*** Begin section ***
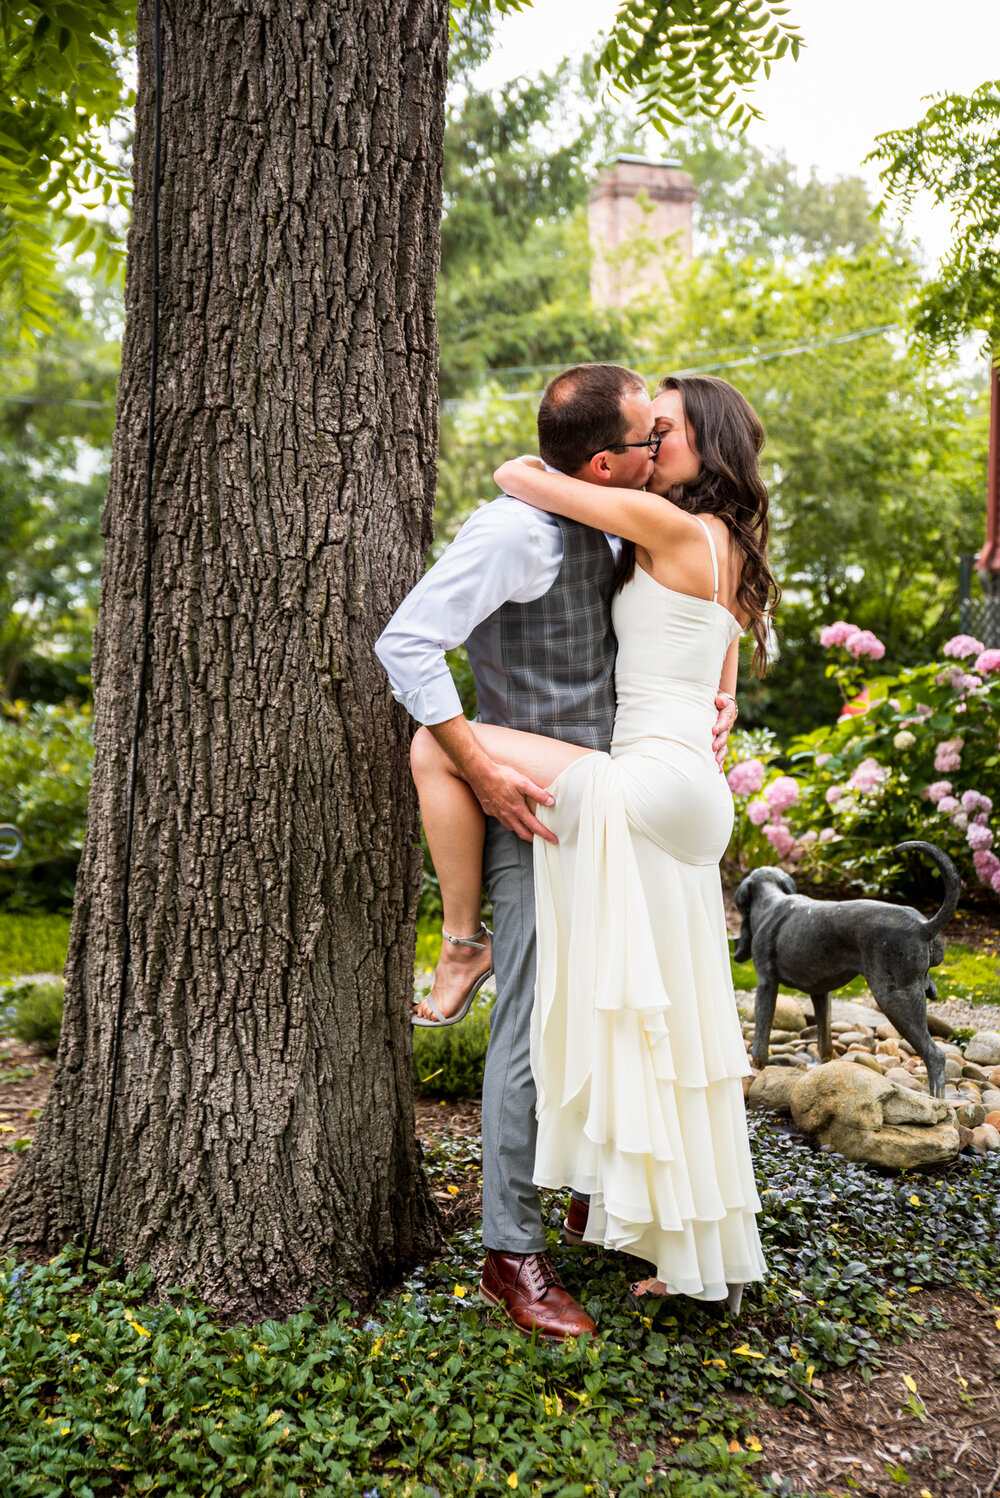 Romantic Kiss between bride and groom in Asheville, NC
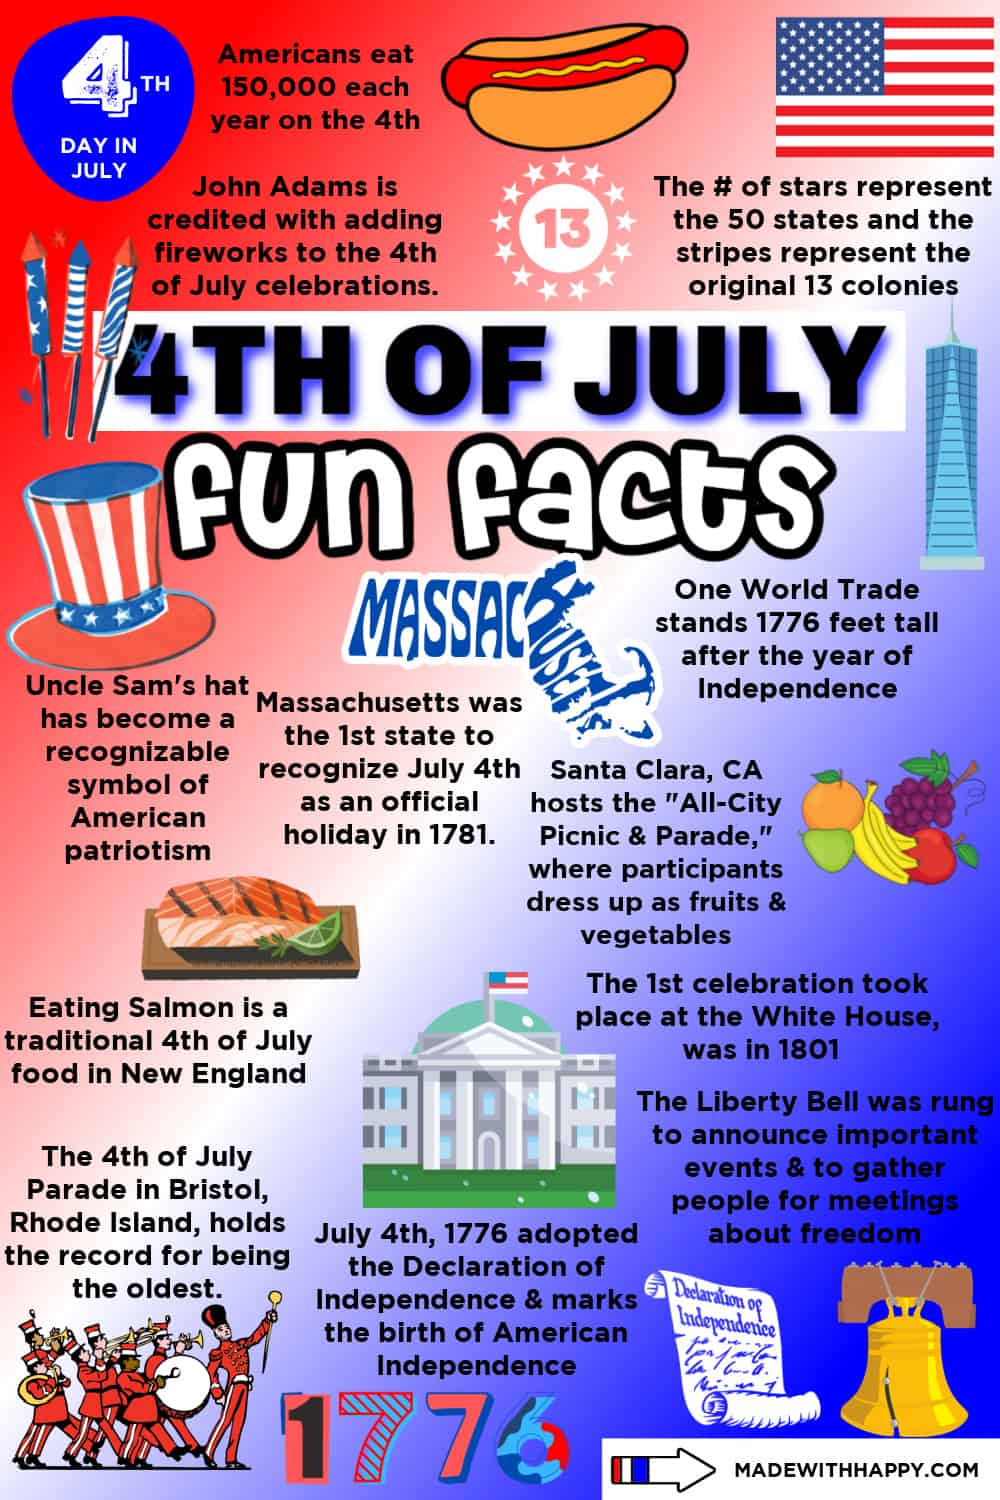 Fun Facts About 4th of July
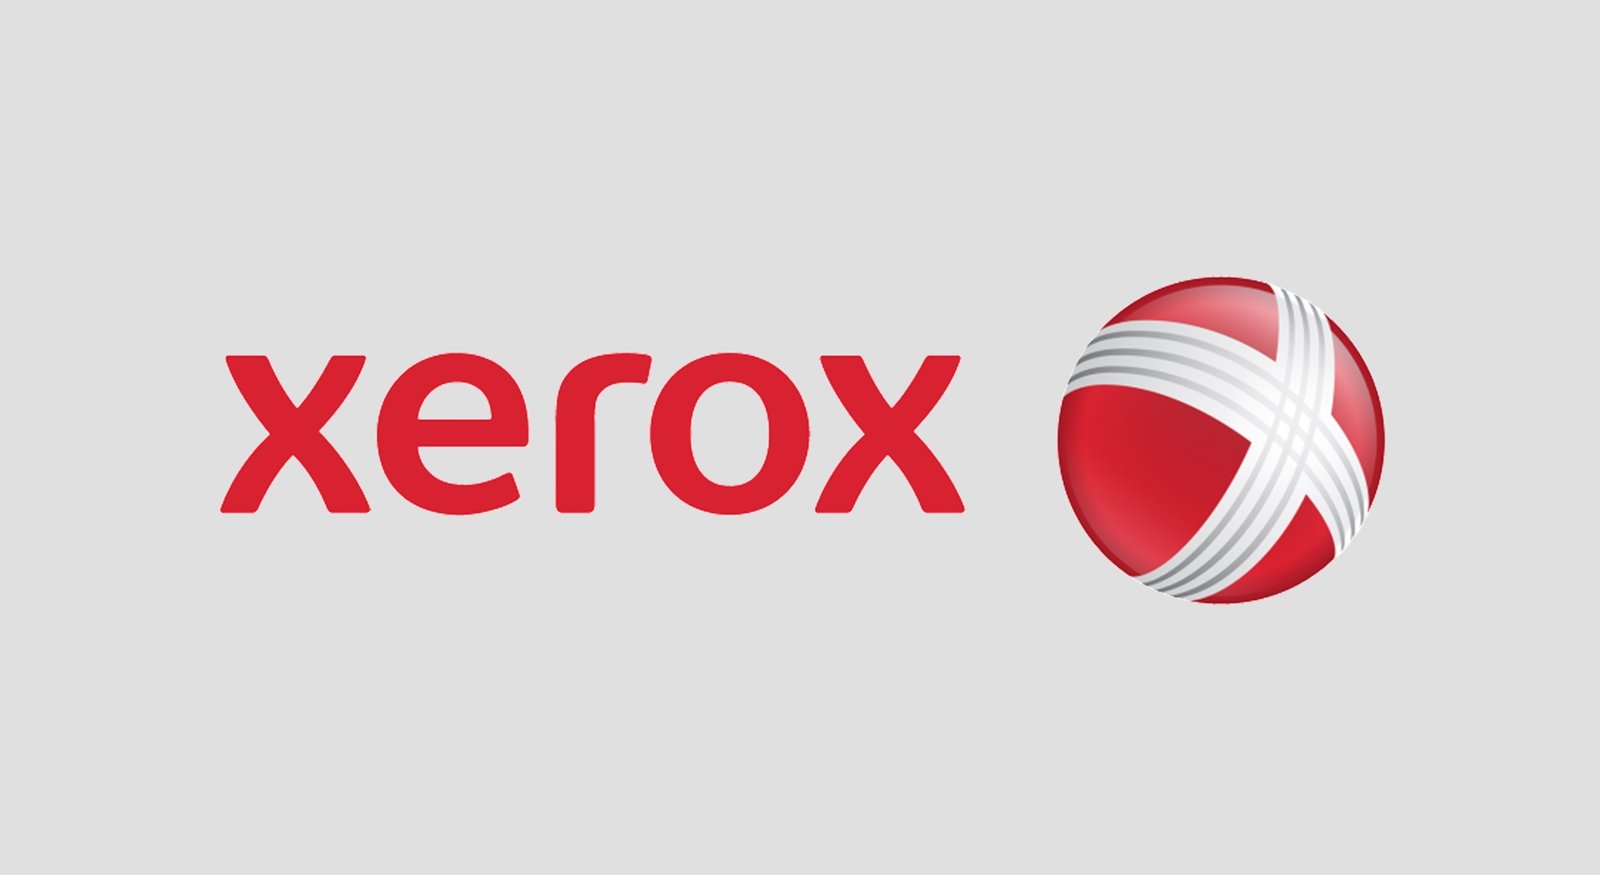 ‘a’ for apple, ‘b’ for ball, ‘c’ for cat… ‘x’ for Xerox
*** End section ***
Please output the data above exactly as given, omitting every picture.

 Romantic Kiss between bride and groom in Asheville, NC
 Fun Facts About 4th of July
 ‘a’ for apple, ‘b’ for ball, ‘c’ for cat… ‘x’ for Xerox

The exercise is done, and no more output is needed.